# SWAG

Will start with the SWAG dataset to get a baseline before moving on to the HellaSwag dataset.

In [11]:
from unittest.mock import patch
from datasets import load_dataset

with patch("datasets.builder.is_remote_filesystem", return_value=False):
    dataset = load_dataset("swag")

In [92]:
from dataclasses import dataclass

NUM_ANSWERS = 4
CHOICES = ["A", "B", "C", "D"]


@dataclass
class Sample:
    """A sample multiple choice question."""

    question: str
    answers: list[str]
    label: int

    @property
    def choices(self) -> list[str]:
        """Return the multiple choice answers."""
        return [ f"{choice}) {option}" for choice, option in zip(CHOICES, self.answers) ]

    @property
    def label_text(self) -> str:
        """Returns the expected correct answer."""
        return self.answers[self.label]

    @property
    def expected(self) -> str:
        """Returns the expected correct answer."""
        return f"{CHOICES[self.label]}) {self.label_text}"


def make_sample(record: dict[str, str]) -> Sample:
    return Sample(record["startphrase"], [record[f"ending{i}"] for i in range(0, NUM_ANSWERS)], label=record["label"])

ds = dataset['train']
it = iter(ds)
make_sample(next(it)), make_sample(next(it)), make_sample(next(it))


(Sample(question='Members of the procession walk down the street holding small horn brass instruments.

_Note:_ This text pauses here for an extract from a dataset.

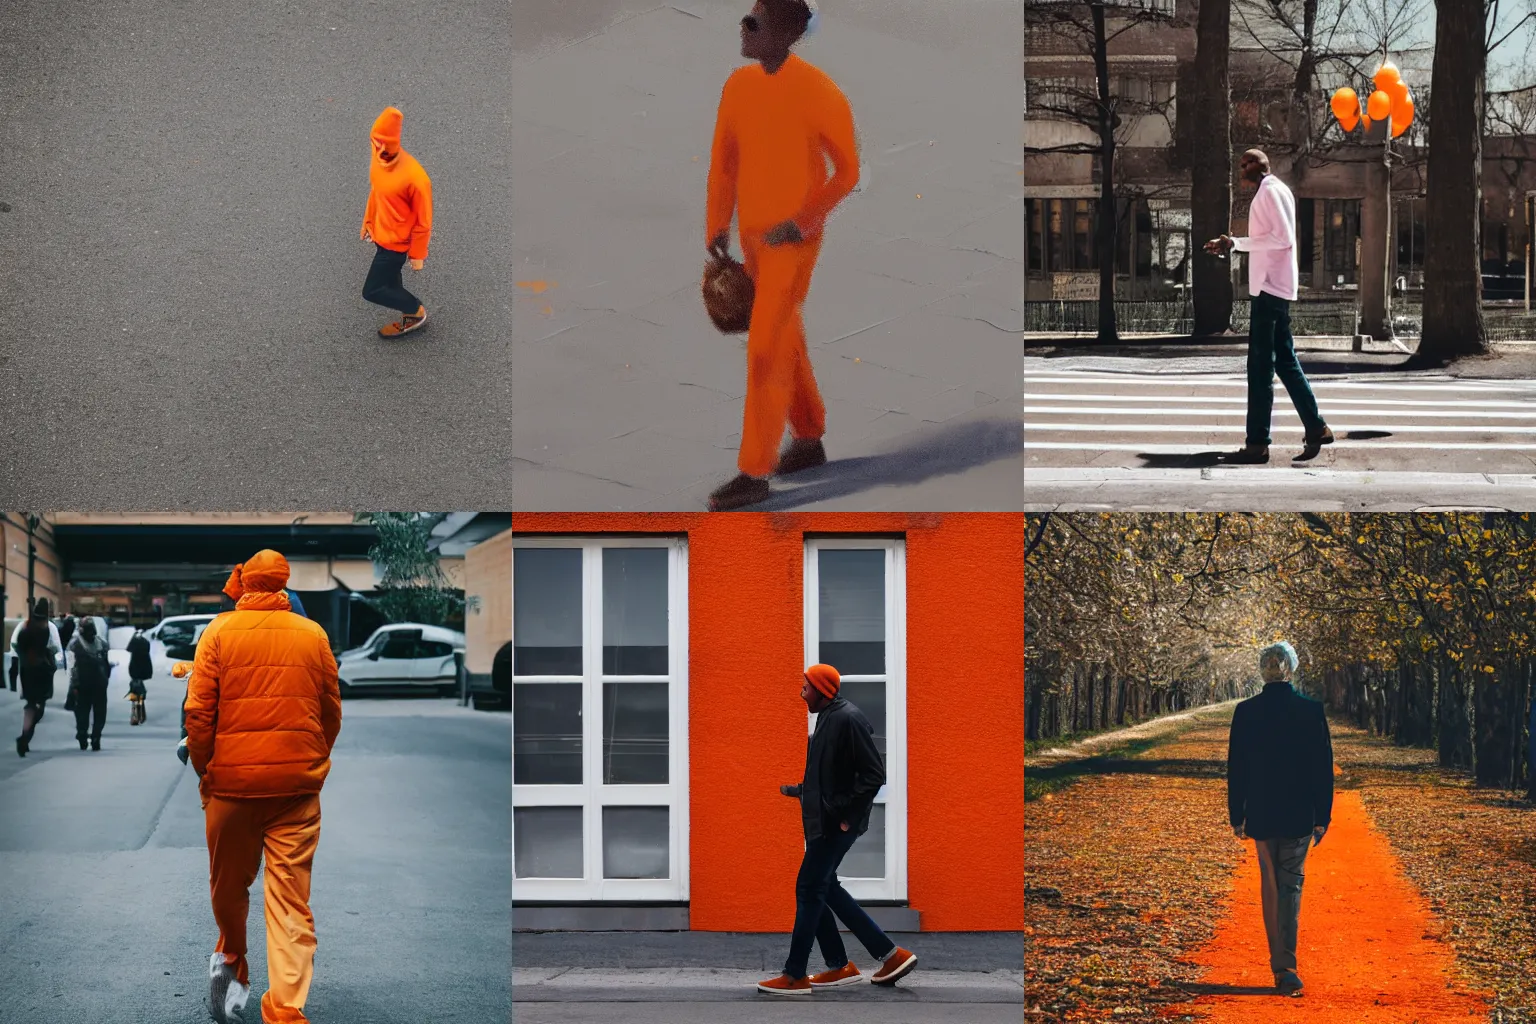 Prompt: an orange, man walking

A drum line', answers=['passes by walking down the street playing their instruments.', 'has heard approaching them.', "arrives and they're outside dancing and asleep.", 'turns the lead singer watches the performance.'], label=0),
 Sample(question='A drum line passes by walking down the street playing their instruments. Members of the procession', answers=['are playing ping pong and celebrating one left each in quick.', 'wait slowly towards the cadets.', 'continues to play as well along the crowd along with the band being interviewed.', 'continue to play marching, interspersed.'], label=3),
 Sample(question='A group of members in green uniforms walks waving flags. Members of the procession', answers=['pay the other coaches to cheer as people this chatter dips in lawn sheets.', 'walk down the street holding small horn brass instruments.', 'is seen in the background.', 'are talking a cou

# Open AI Client

This will open a client library to talk to a local model server hosting the model we wish to eval.

In [10]:
from openai import OpenAI

BASE_URL = "http://llama-cpp-server.llama:8000/v1"
API_KEY = "sk-xxx"
MODEL_ID = "/data/models/mistral-7b-inst.gguf"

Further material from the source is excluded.